E(lectronic) parlement

1. Blijvend ontwikkelen en verfijnen van de website. Dit heeft 2 componenten: intranet en de website. De ontwikkeling van intranet is gerealiseerd in 2005. Internet wordt afgerond in 2006.

2. Ontwikkelen van digitale vorm van Centraal Informatie Punt (VIP). De planning voor het VIP betreft de periode 2005–2006.

4. Integratie van informatie. Dit project beslaat de periode 2005–2006.

6. Onderzoeken van vormen van interactiviteit voor fracties. Het onderzoek is gereed. De uitkomst leidt niet tot vervolgacties.

8. Rol van audio en video uitbouwen. Ingevolge de ontstane vertraging zal dit project in 2006 worden uitgevoerd.

Managementstijl en personeelsbeleid

2. Competentiemanagement. Het al eerder in gang gezette traject van competentiemanagement, een naar zijn aard meerjarig traject, is in de begroting voor 2005 niet nadrukkelijk opnieuw als meerjarig aangemerkt. Dit zal in de toekomst wel plaats vinden.

5

Op welke termijn worden de intra-comptabele schulden van de Tweede Kamer afgewikkeld?

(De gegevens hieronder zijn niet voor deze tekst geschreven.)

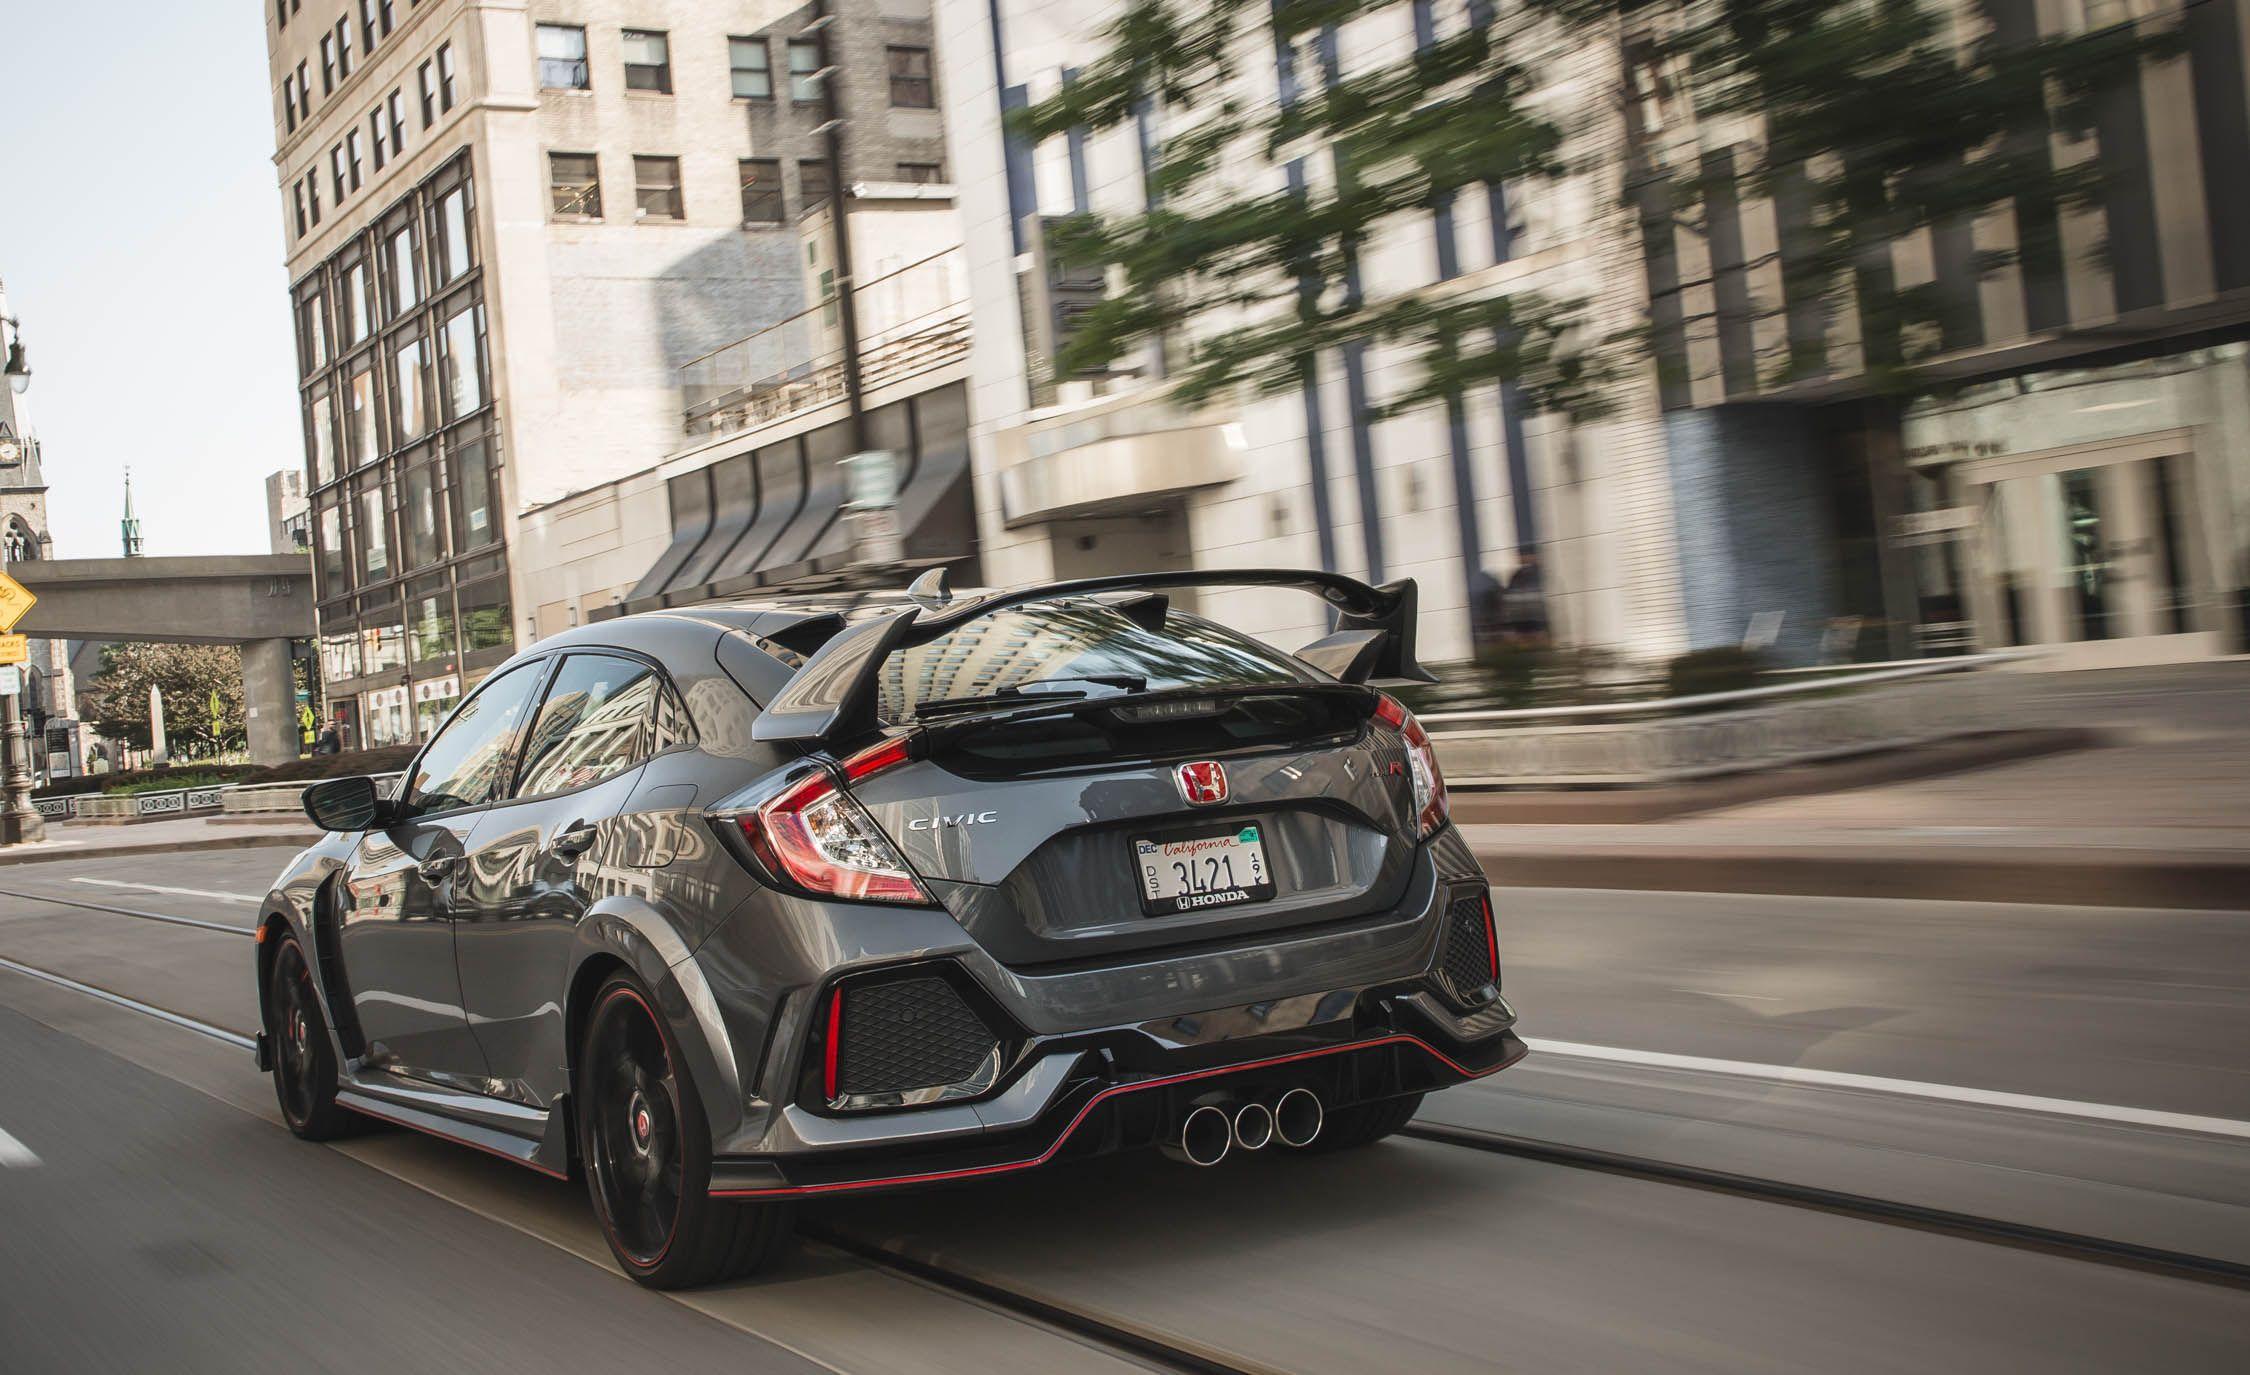 2017 Honda Civic Type R  InDepth Model Review  Car and Driver

De intra-comptabele schulden hebben betrekking op, onder meer, de (afdracht) inhouding voor loonheffing en pensioenpremie over de maand december 2005. In beginsel vindt de eerstvolgende maand verrekening plaats.


XNoot
1

Samenstelling: Leden: Kalsbeek (PvdA), Noorman-den Uyl (PvdA), voorzitter, Van Beek (VVD), ondervoorzitter, Van der Staaij (SGP), Luchtenveld (VVD), Wilders (Groep Wilders), De Pater-van der Meer (CDA), Duyvendak (GL), Spies (CDA), Eerdmans (LPF), Sterk (CDA), Van der Ham (D66), Algra (CDA), Haverkamp (CDA), Van Fessem (CDA), Smilde (CDA), Straub (PvdA), Nawijn (Groep Nawijn), Boelhouwer (PvdA), Dubbelboer (PvdA), Van Schijndel (VVD), Irrgang (SP), Meijer (PvdA), Özütok (GL), Vacature (PvdA), Vacature (PvdA) en Vacature (SP).

Plv. leden: De Vries (PvdA), Fierens (PvdA), Weekers (VVD), Slob (CU), De Vries (VVD), Szabó (VVD), Rambocus (CDA), Van Gent (GL), Çörüz (CDA), Van As (LPF), Van Haersma Buma (CDA), Koşer Kaya (D66), Eski (CDA), Knops (CDA), Van Bochove (CDA), Van Hijum (CDA), Hamer (PvdA), Hermans (LPF), Leerdam (PvdA), Wolfsen (PvdA), Van der Sande (VVD), Kant (SP), Balemans (VVD), Halsema (GL), Dijsselbloem (PvdA), Vacature (PvdA) en De Wit (SP).